**EXERCISE OBJECTIVE**
Everything from the line containing "-Sen. Dianne Feinstein" down to the last line below should be set down exactly, and only that, without the pictures.

---------- DATA

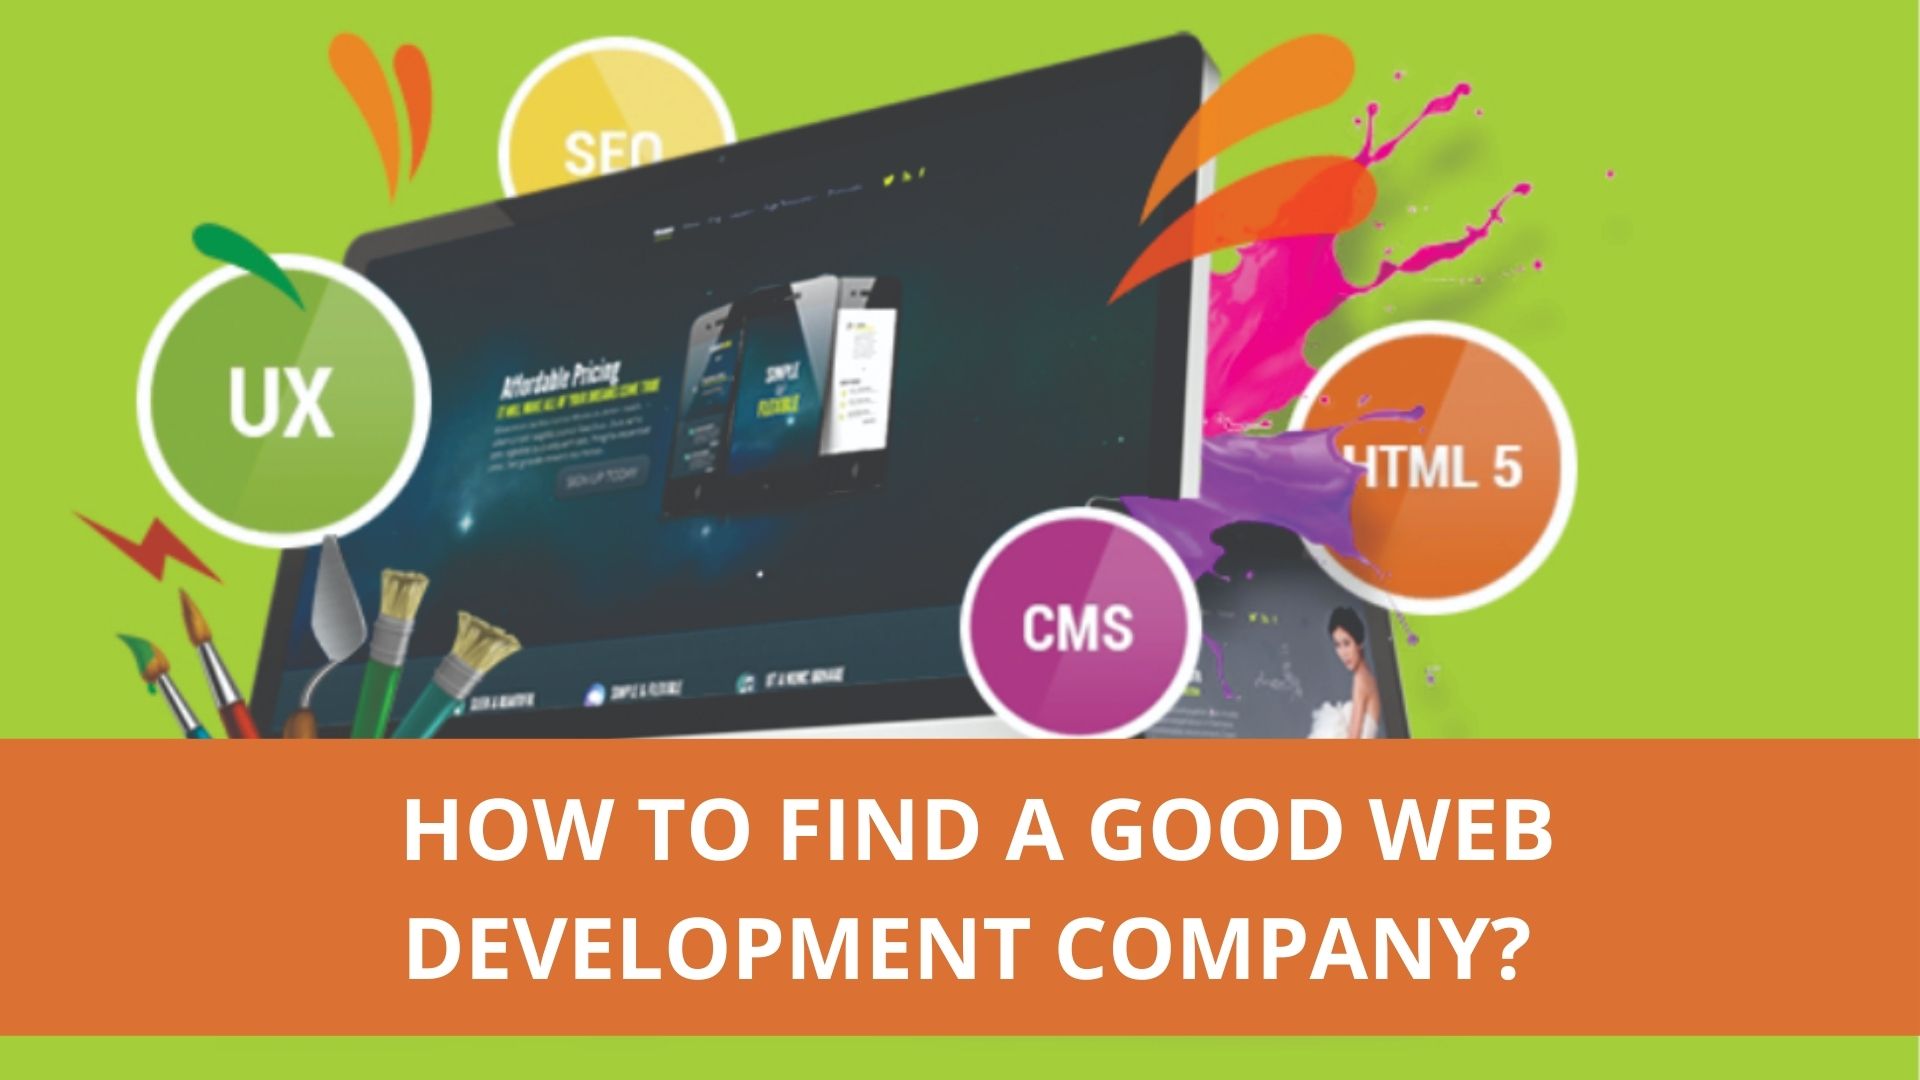 Web Development Services
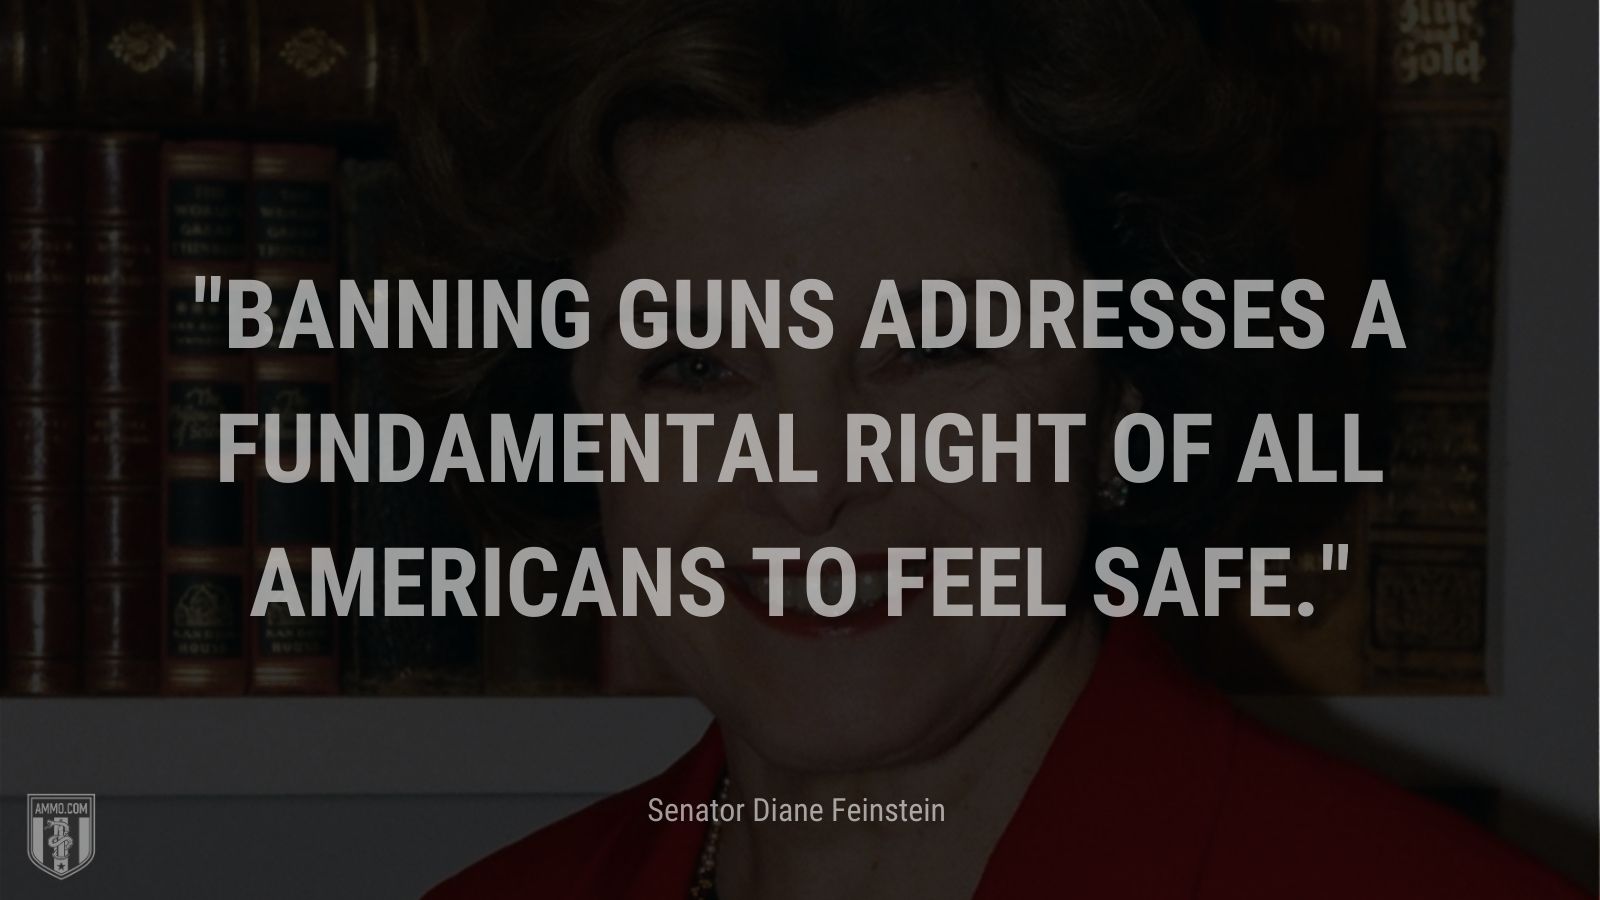 “Banning guns addresses a fundamental right of all Americans to feel safe.” -Sen. Dianne Feinstein
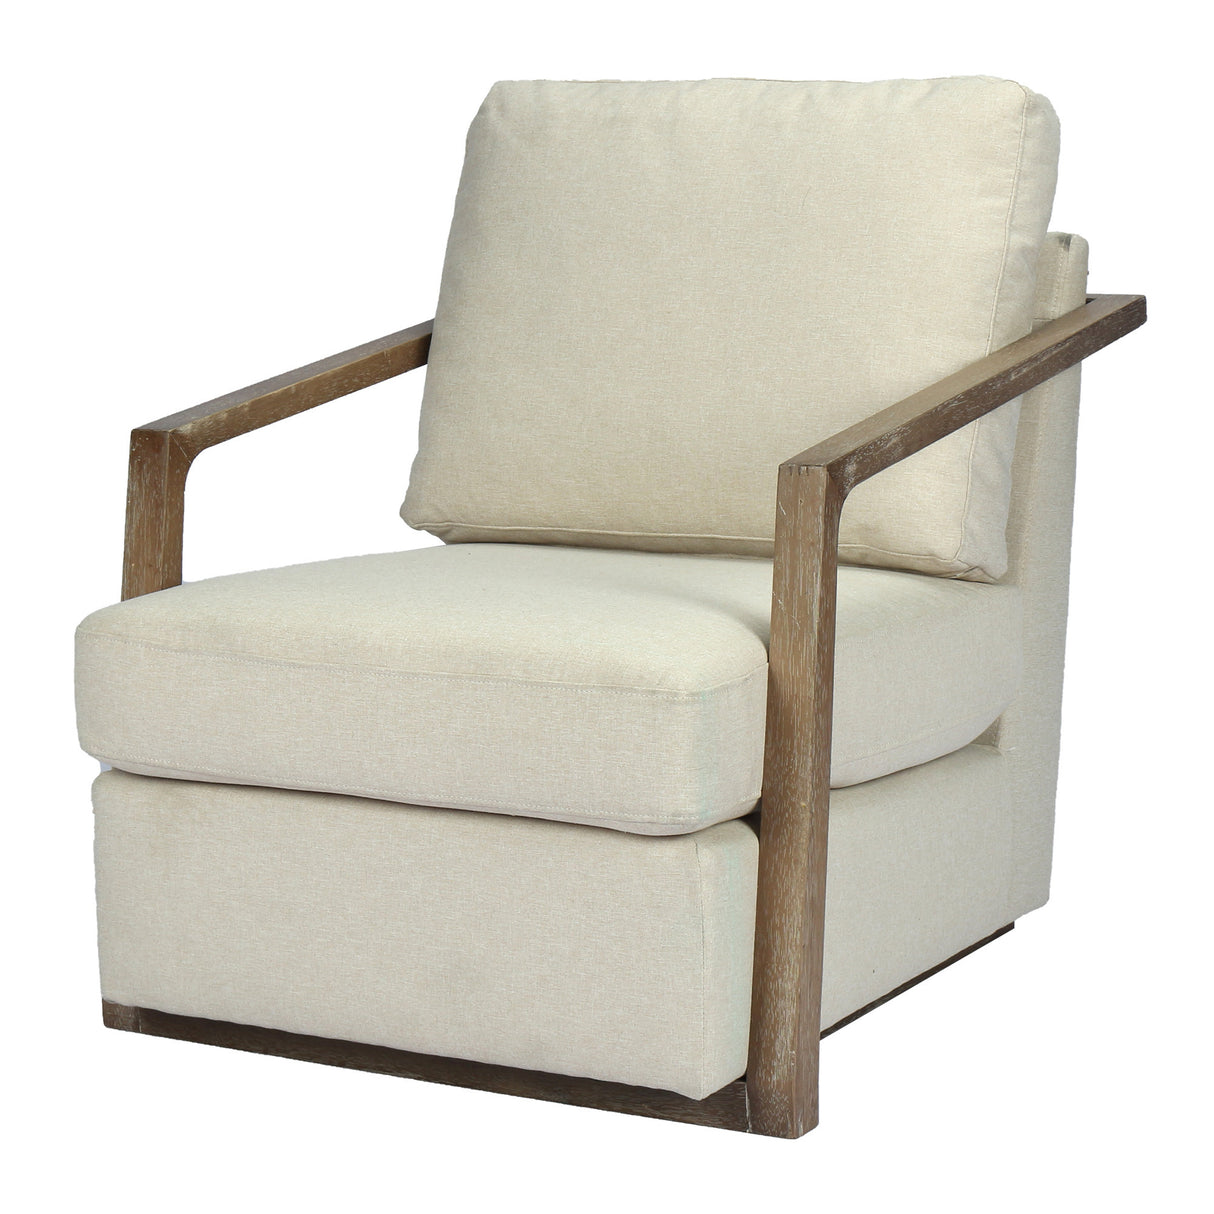 modern design furniture california style armchair lounge chair wooden cushion accent chair - Home Elegance USA

--------------------

**RESULT**
 “Banning guns addresses a fundamental right of all Americans to feel safe.” -Sen. Dianne Feinstein
 modern design furniture california style armchair lounge chair wooden cushion accent chair - Home Elegance USA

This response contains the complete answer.